Produced by: Manoj Kumar
A 101-kg, 18-karat gold toilet sells for ₹1.21 crore at Sotheby’s, turning a functional bathroom fixture into the most provocative satire of superwealth this auction season.
Maurizio Cattelan—yes, the artist who taped a banana to a wall—returns to the spotlight as bidders scramble for his newest critique of capitalism masked as a working toilet.
The same golden commode once cheekily offered to President Donald Trump instead of a Van Gogh resurfaces at auction, carrying years of art-world snark and political subtext.
A Gustav Klimt portrait triggers a 20-minute bidding war at Sotheby’s, smashing records at $236 million and overshadowing nearly everything—except, ironically, a toilet.

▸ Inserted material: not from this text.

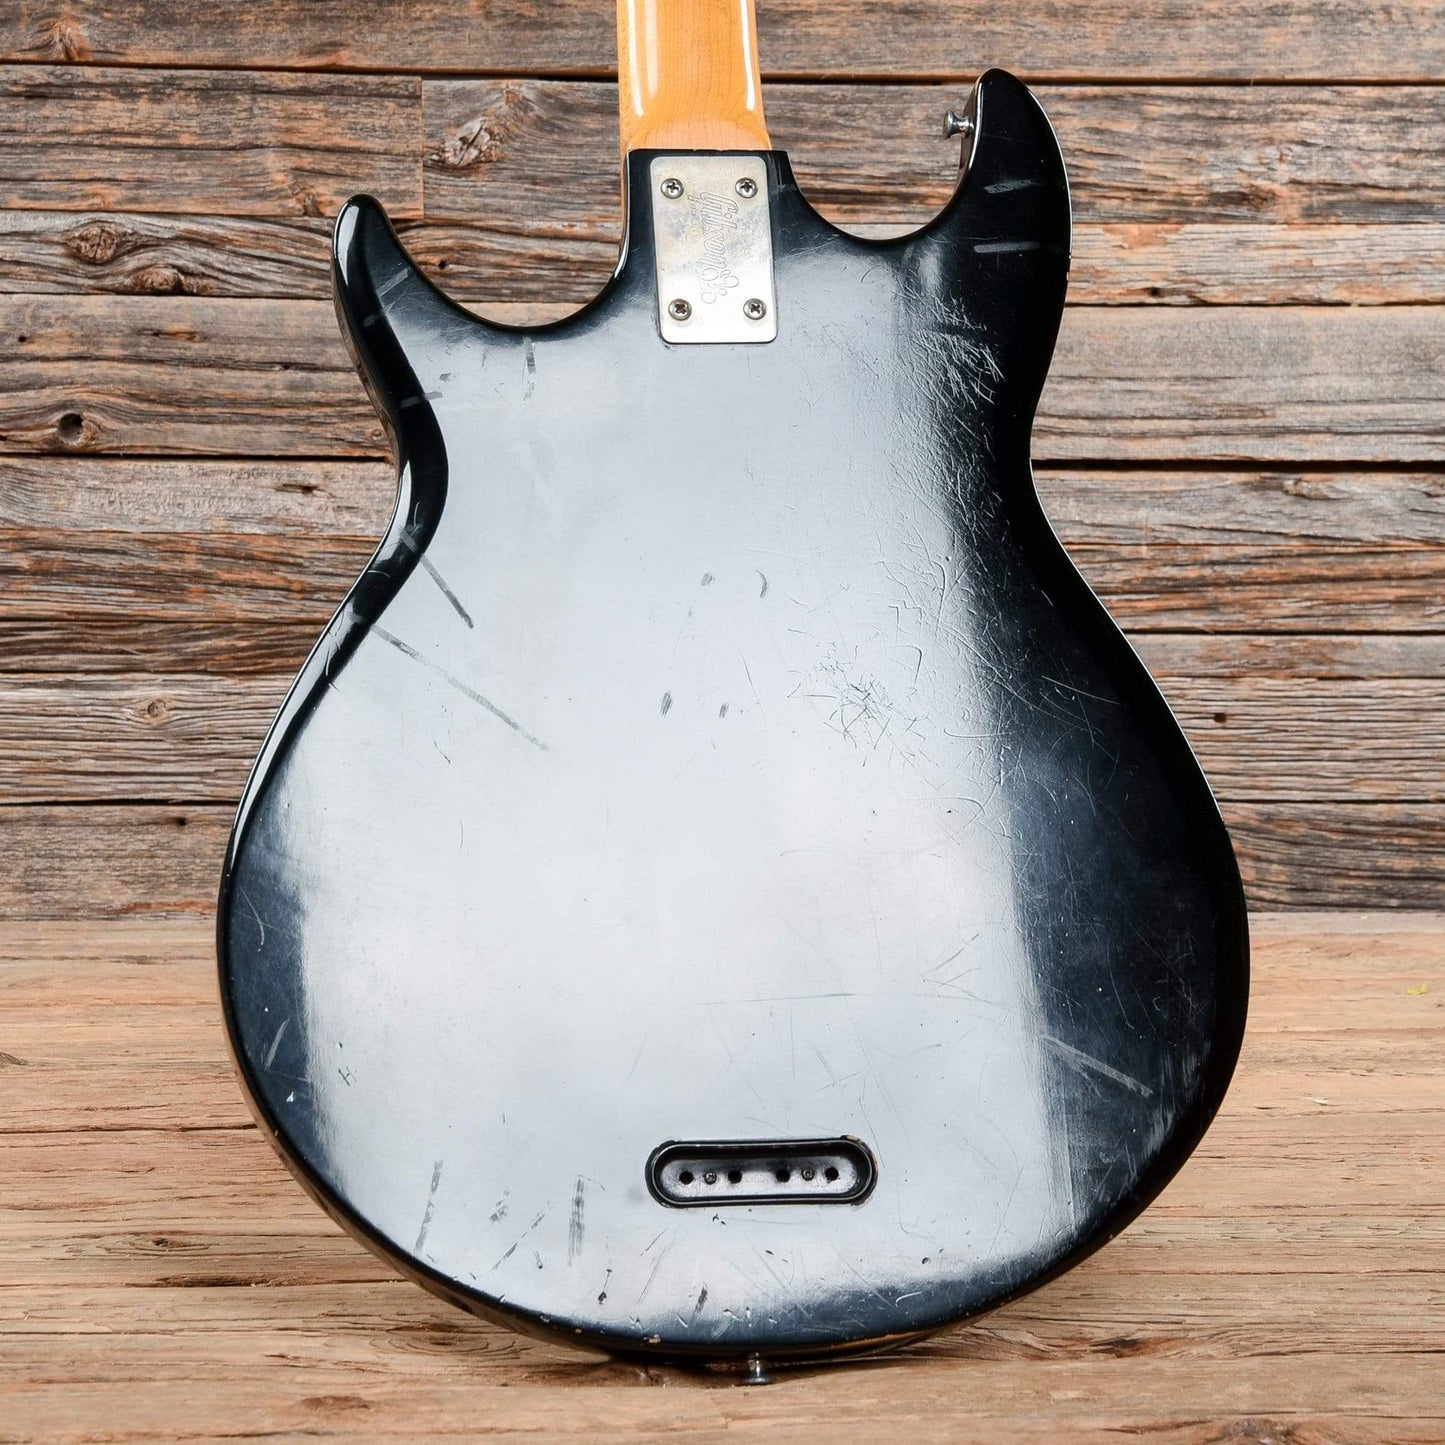 Gibson Grabber Black 1979 Bass Guitars / 4-String

Klimt’s portrait of Elisabeth Lederer, one of the few pieces to survive wartime fires, reemerges as a pristine relic of a vanished Austrian art lineage.
The Klimt masterpiece comes from the estate of billionaire Leonard A. Lauder, tying the sale to a fading generation of private collectors who shaped global art markets.
Cattelan’s twin golden toilet—stolen from Blenheim Palace, Churchill’s birthplace—remains missing, with investigators suspecting it was melted down in a scheme straight out of a heist film.
Two men were convicted in the audacious loo theft, but authorities still can’t trace the vanished gold, turning the case into one of Britain’s strangest unsolved art crimes.
Sotheby’s stages “America” like a blockbuster prop, using the golden toilet’s notoriety to ignite fresh debates about art as satire, commodity, and spectacle.